[Start of section]
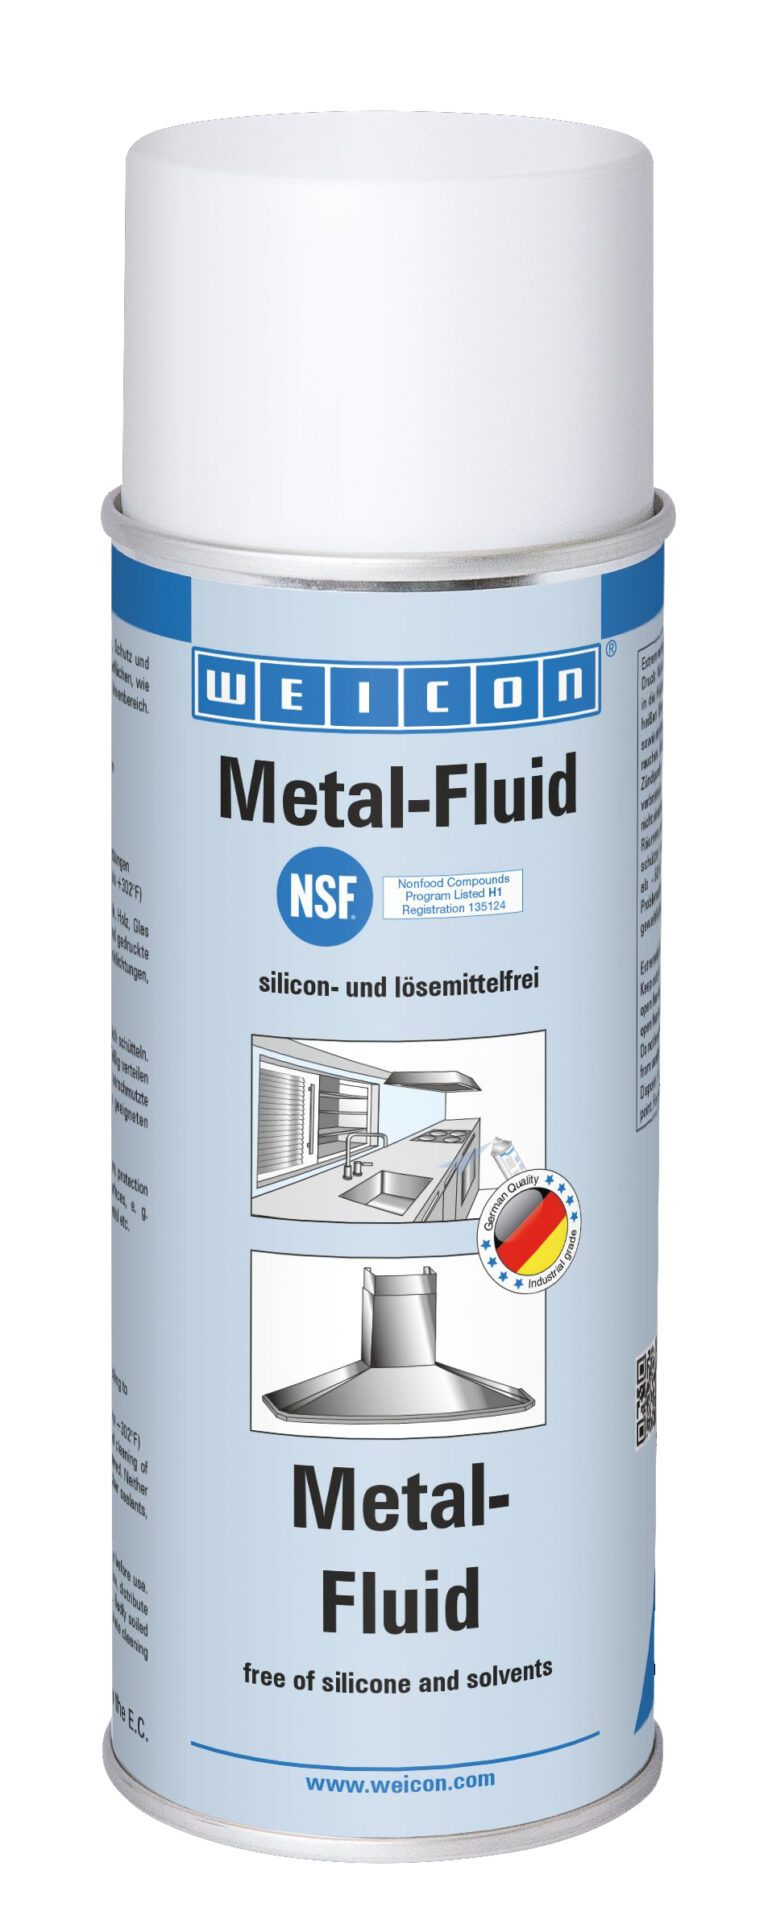 Metal-Fluid
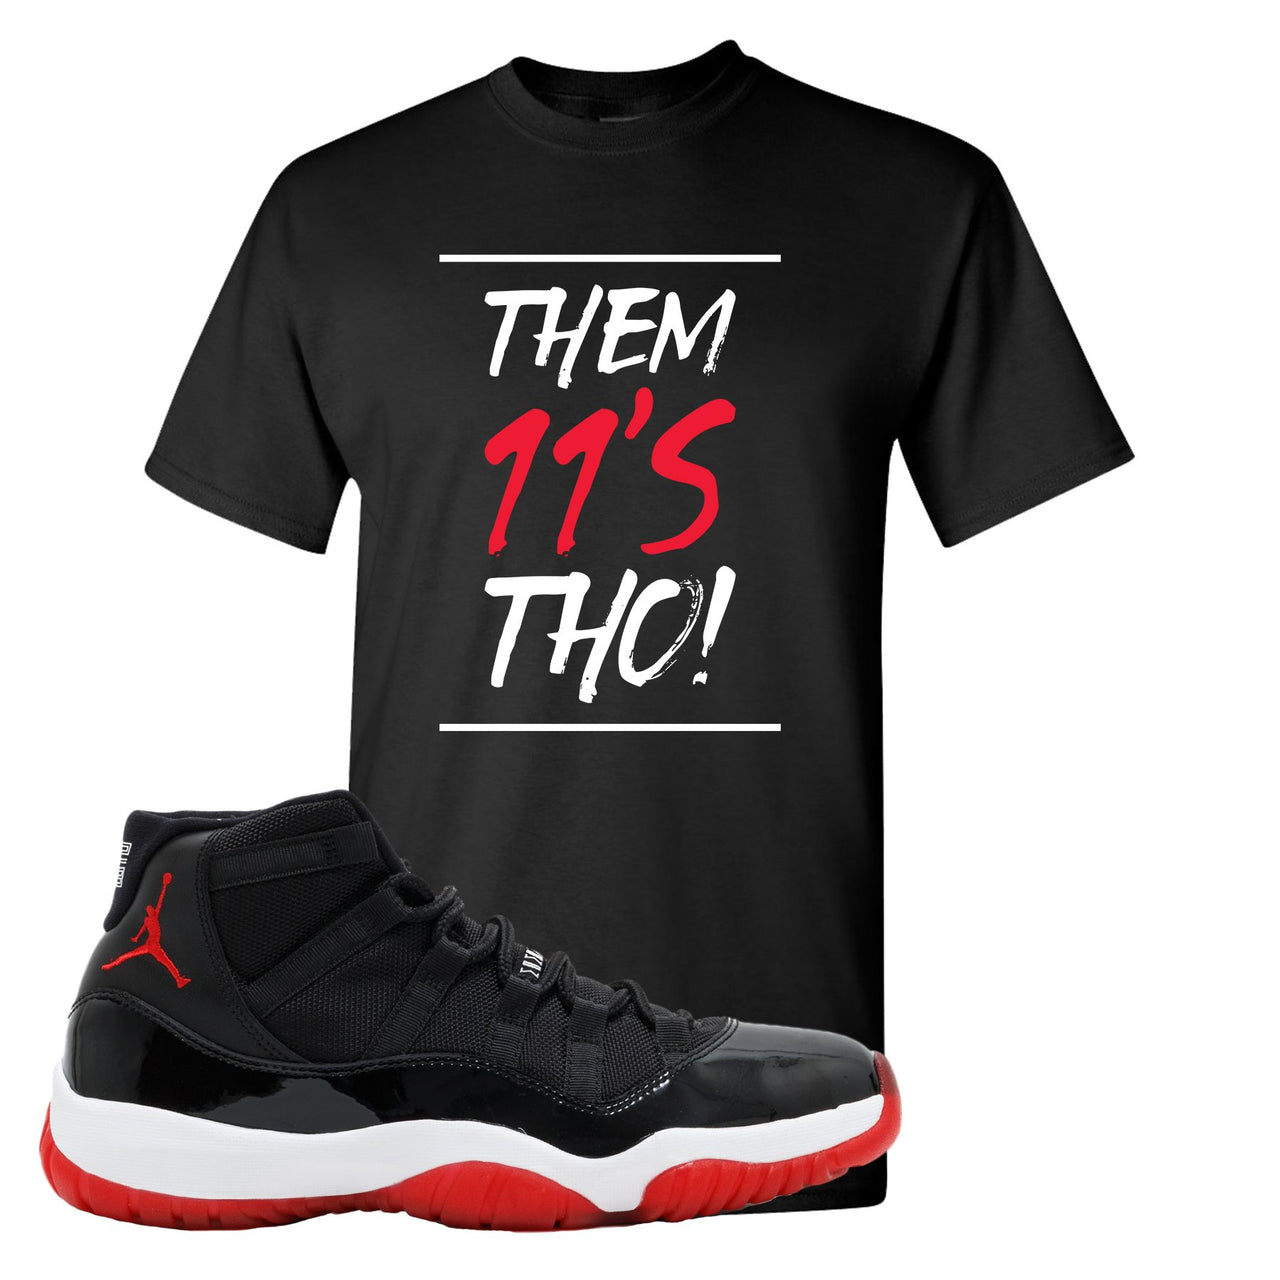 Jordan 11 Bred Them 11s Tho! Black Sneaker Hook Up T-Shirt
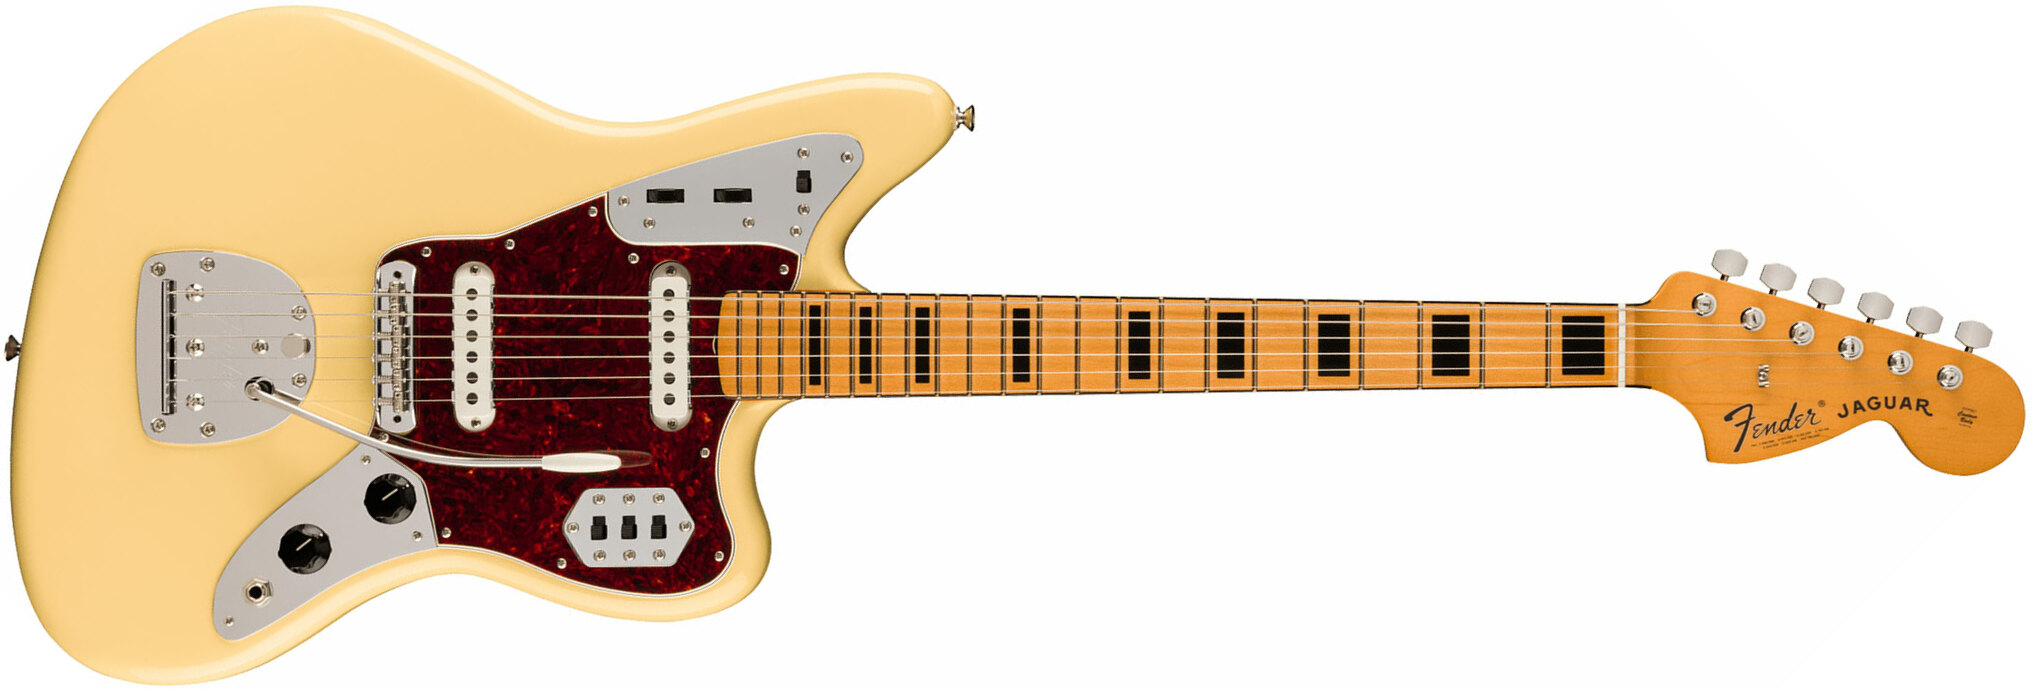 Fender Jaguar 70s Vintera 2 Mex 2s Trem Mn - Vintage White - Retro-rock elektrische gitaar - Main picture
[End of section]
## To do
Your copy should match the data above exactly, apart from the pictures.

## Result for this task
 Metal-Fluid
 Jordan 11 Bred Them 11s Tho! Black Sneaker Hook Up T-Shirt
 Fender Jaguar 70s Vintera 2 Mex 2s Trem Mn - Vintage White - Retro-rock elektrische gitaar - Main picture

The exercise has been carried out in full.